# Doctor Strange: Der neueste Streich aus der Marvel-Schmiede auf dem Prüfstand!



## CarolaHo (24. Oktober 2016)

Jetzt ist Deine Meinung zu *Doctor Strange: Der neueste Streich aus der Marvel-Schmiede auf dem Prüfstand!* gefragt. 


				Bitte beachtet: Der Kommentarbereich wird gemäß der Forenregeln moderiert.

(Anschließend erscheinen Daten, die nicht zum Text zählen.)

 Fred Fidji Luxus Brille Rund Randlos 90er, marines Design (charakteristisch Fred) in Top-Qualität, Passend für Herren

			Dieser Inhalt steht nur eingeloggten Mitgliedern zur Verfügung.
        

 Zum Artikel: Doctor Strange: Der neueste Streich aus der Marvel-Schmiede auf dem Prüfstand!


----------



## RedDragon20 (24. Oktober 2016)

Mehr hab ich auch nicht erwartet und gewollt.  Ich liebe das MCU und Ermüdungserscheinungen machen sich bei mir längst nicht breit. Werde mit Sicherheit gut unterhalten.


----------



## OldShatterhand (24. Oktober 2016)

> Es sei hier jedem Kinogänger guten Gewissens die 3D-Fassung ans Herz gelegt, die bei diesem Effektkino nur Sinn macht!

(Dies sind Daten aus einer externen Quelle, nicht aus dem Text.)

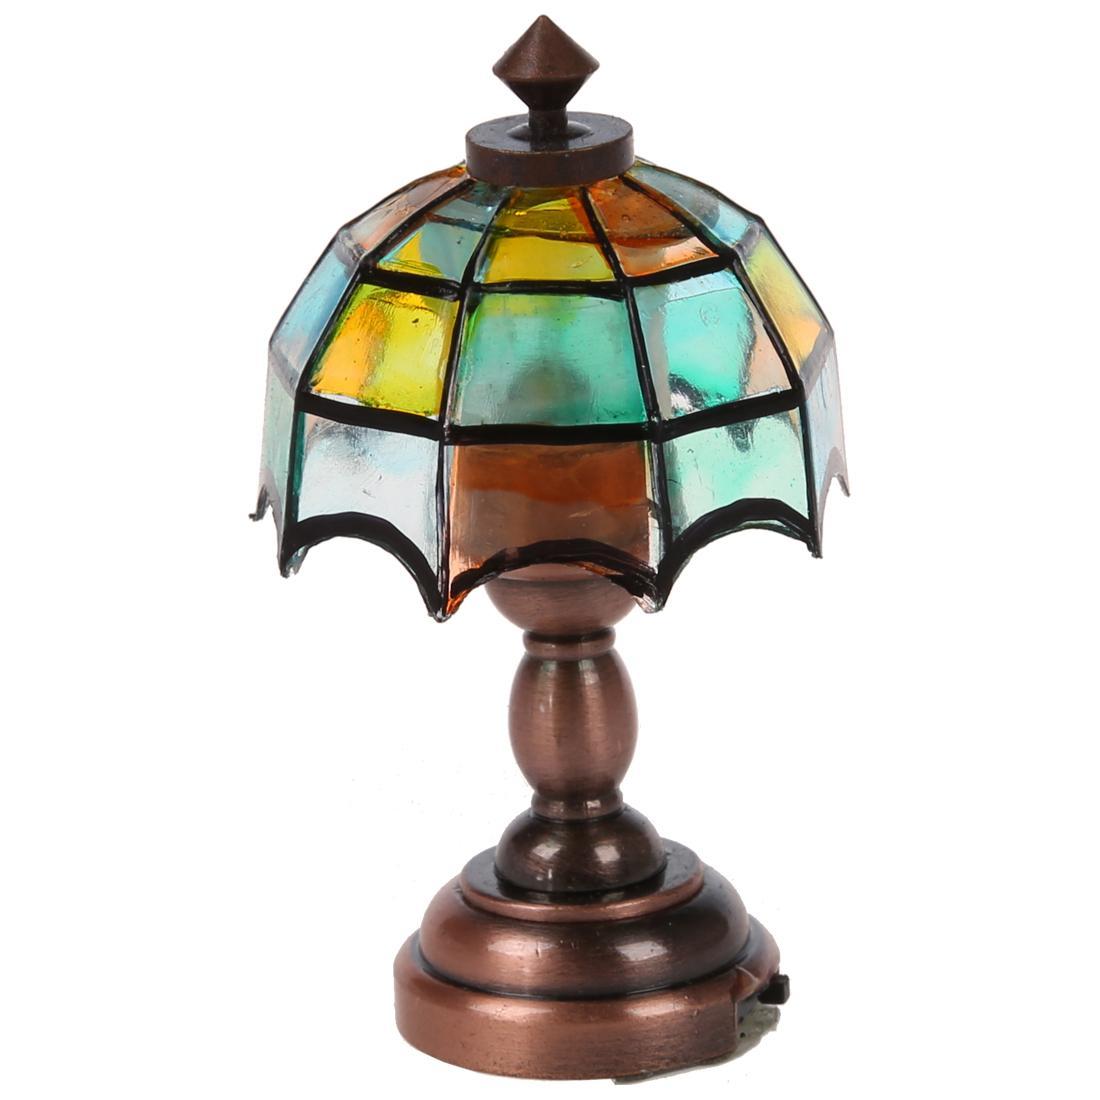 Pour Maison Jouet Nouvelle Lampe Poupée De Miniature 1 12 MVLSzpqUG

Ist ja nicht so, als ob ich in unserem beschissenen Thega-Kino die Wahl hätte


----------



## Celerex (24. Oktober 2016)

Ich liebe fast alle Marvel Filme, aber nachdem ich den Trailer zu Dr. Strange bereits gefühlte 10x in den Vorabtrailern im Kino gesehen habe, stand für mich fest, dass das der erste Marvel Film seit längerer Zeit sein wird, für den ich nicht in's Kino gehe. Der Trailer sieht mehr zu sehr nach Inception auf Ritalin aus. Das brauch ich wirklich nicht.


----------